How to complete this task. Before copying, find the line below that contains "-Sterling cz"; then return it and all later lines exactly, up to and including the final line, with no pictures.
** Records provided follows **
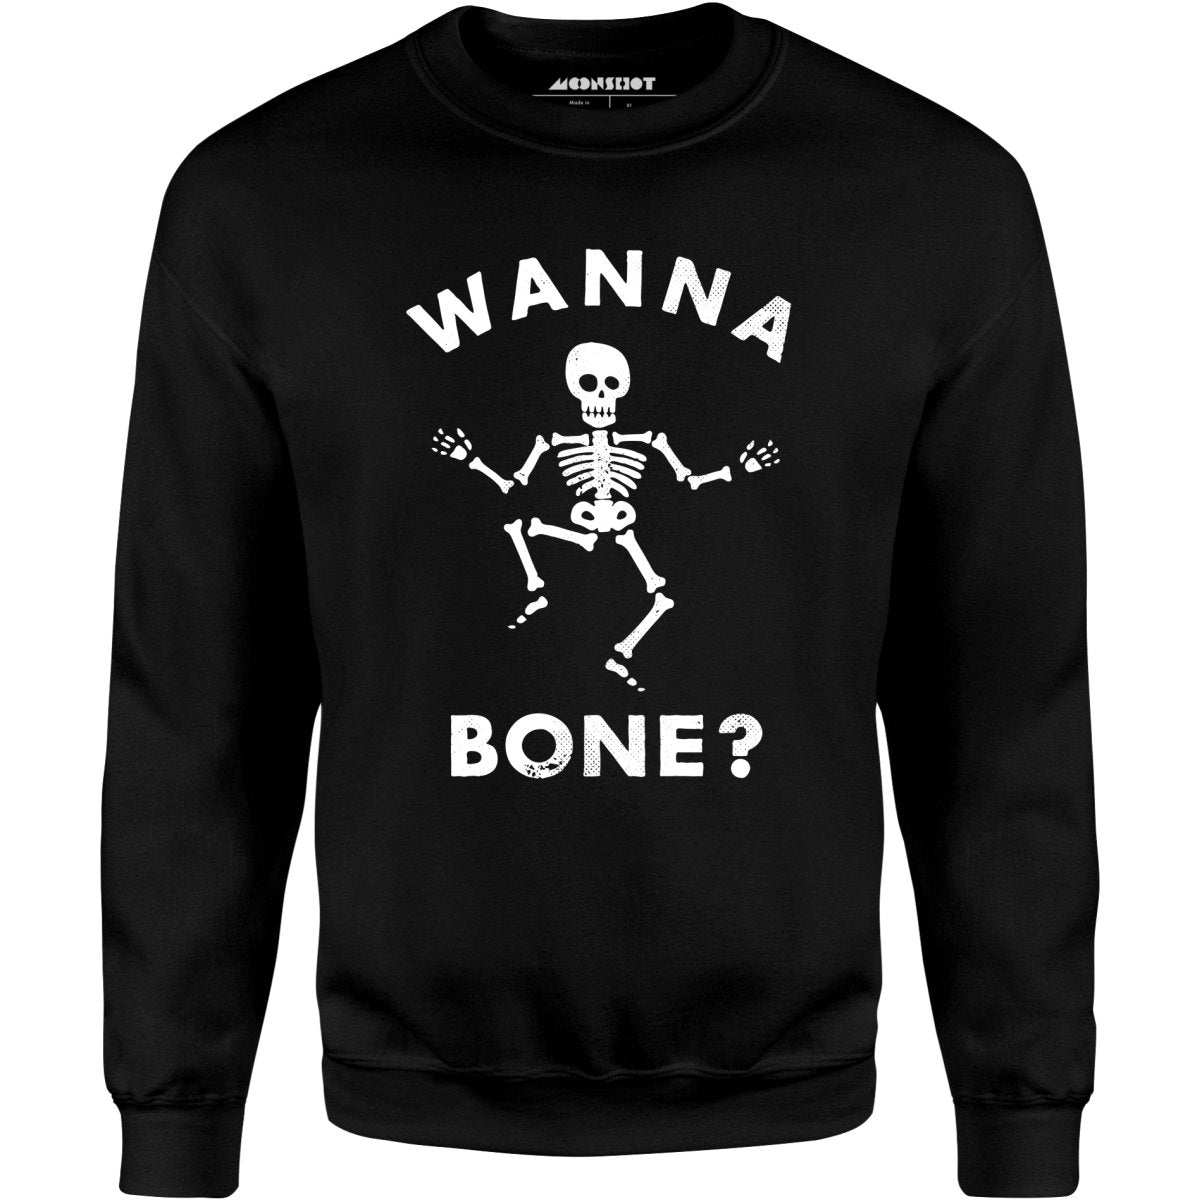 Wanna Bone? - Unisex Sweatshirt
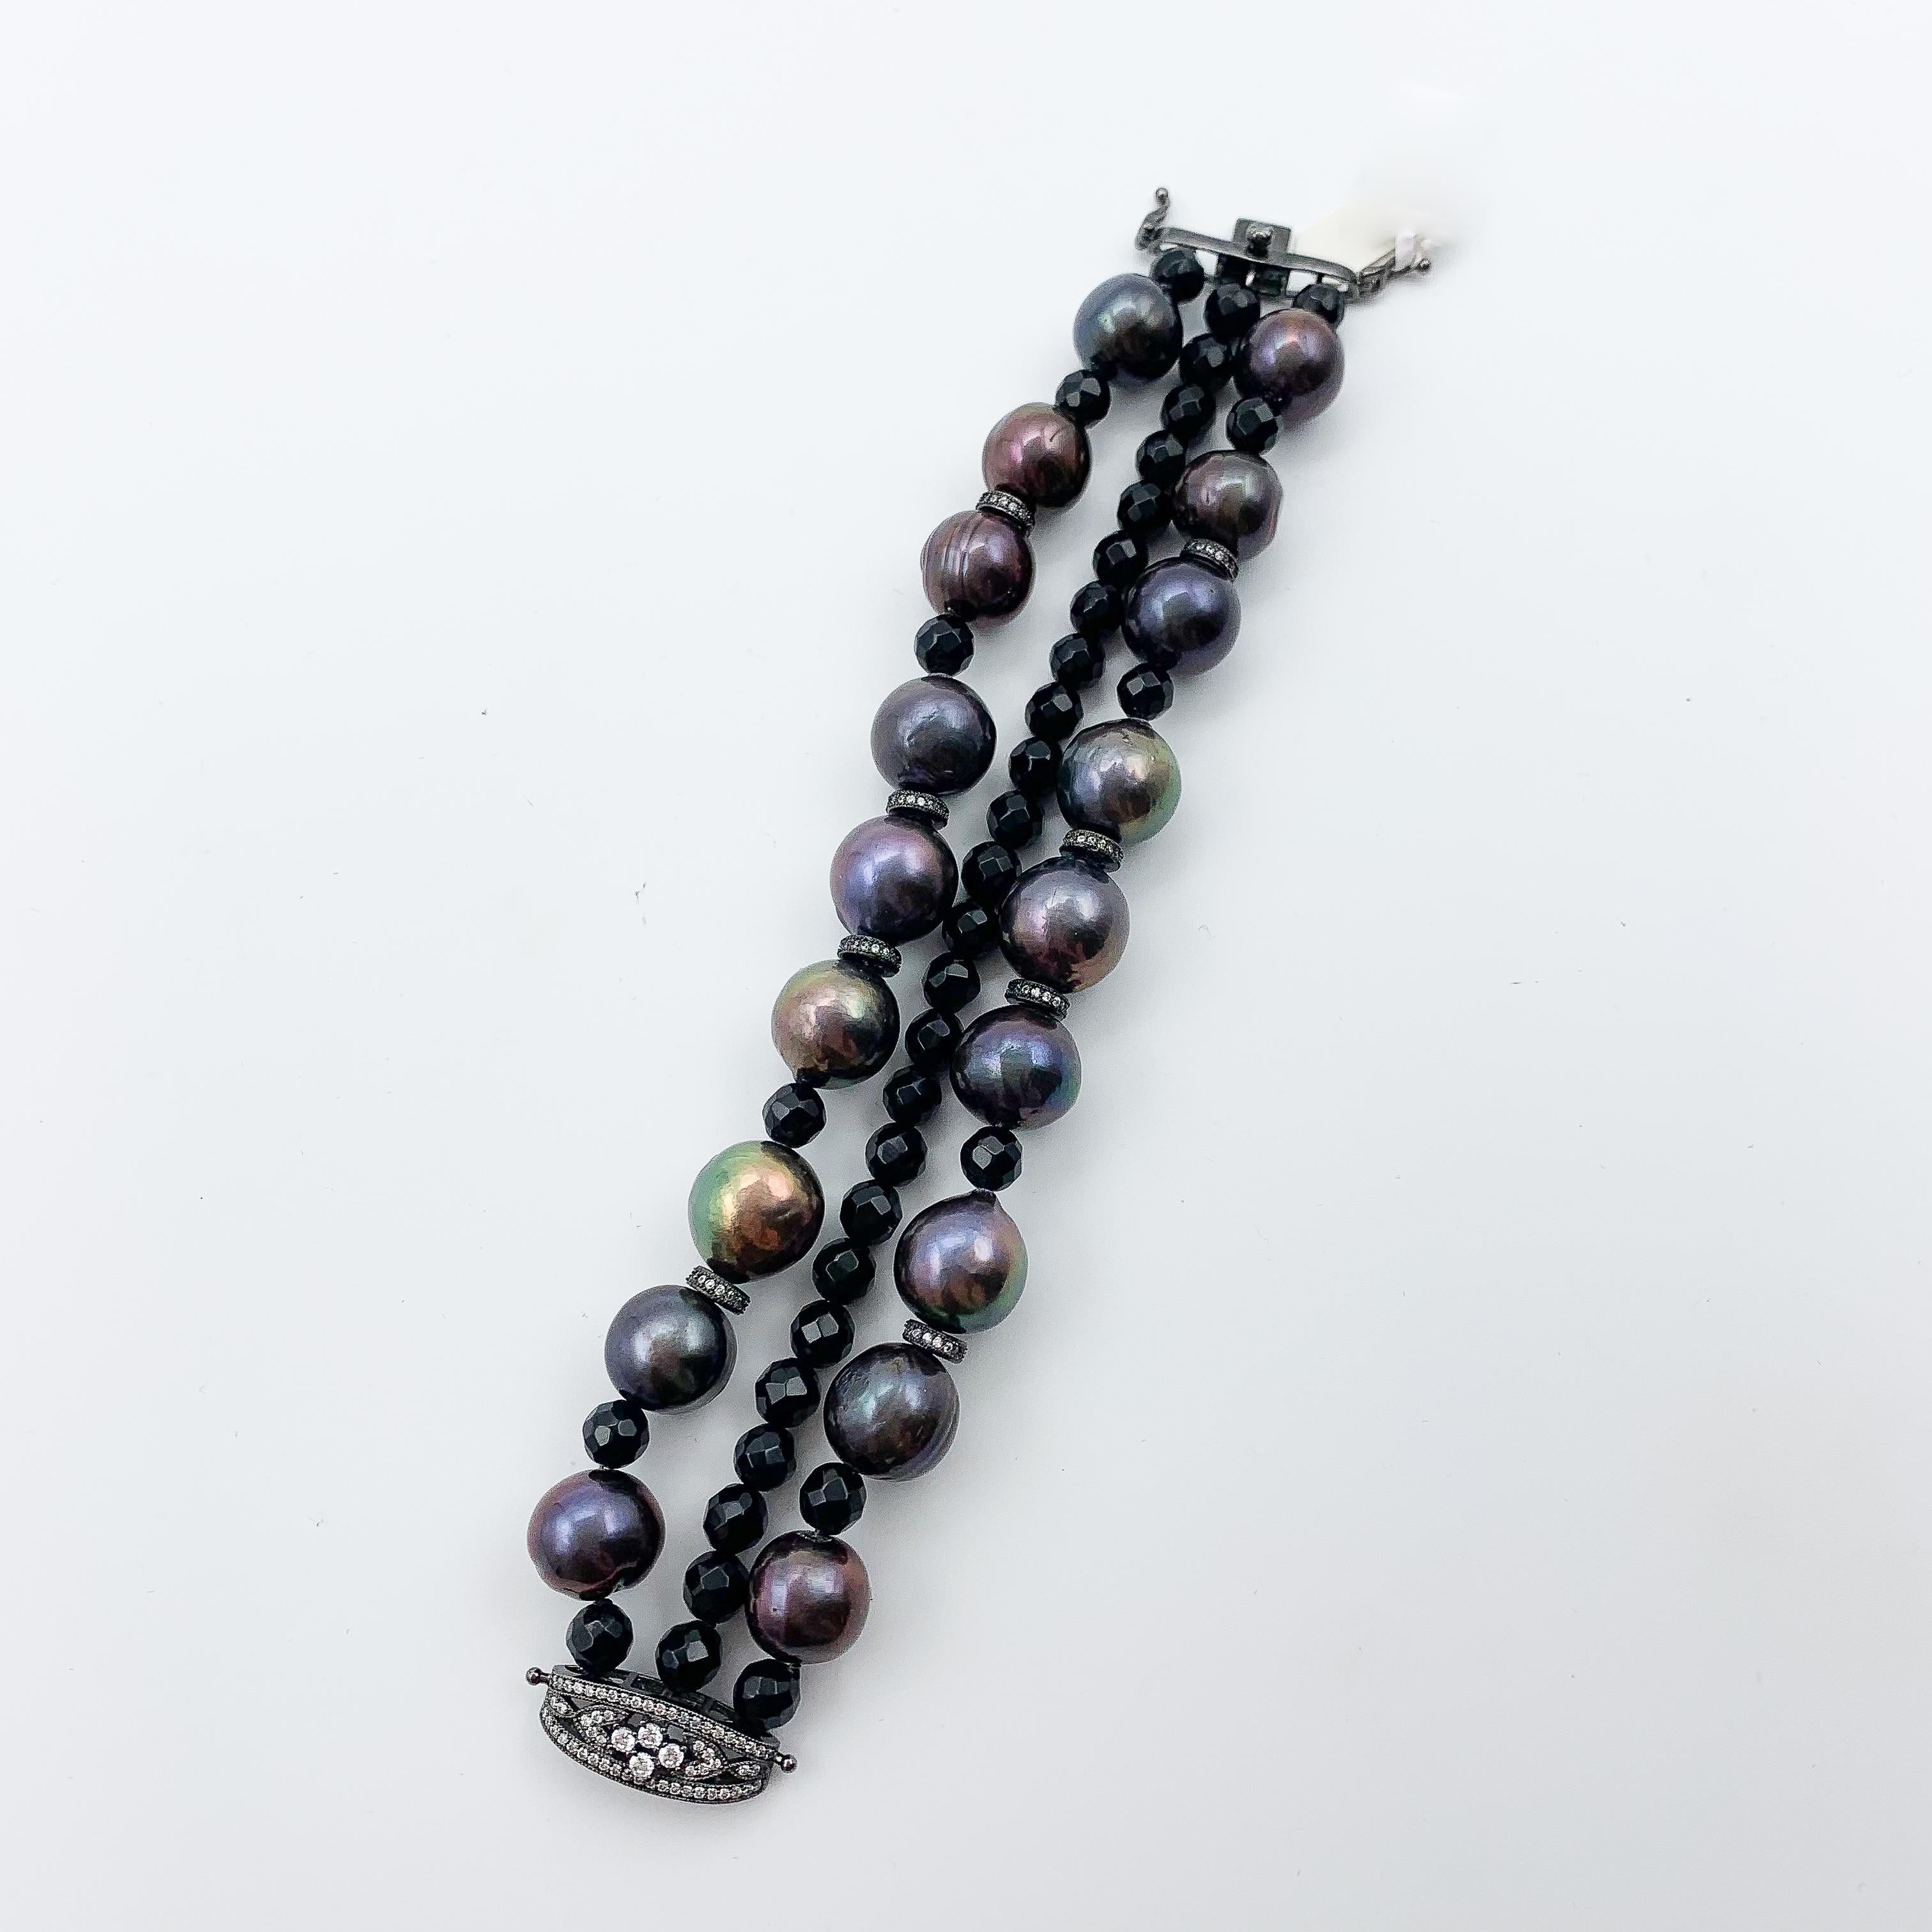 -Sterling cz 
-Bk-rhodium black onyx beads 
-12-13mm bk pearls
- Open box clasp 
-7in length
** End of Records provided **
Task output.
 -Sterling cz 
-Bk-rhodium black onyx beads 
-12-13mm bk pearls
- Open box clasp 
-7in length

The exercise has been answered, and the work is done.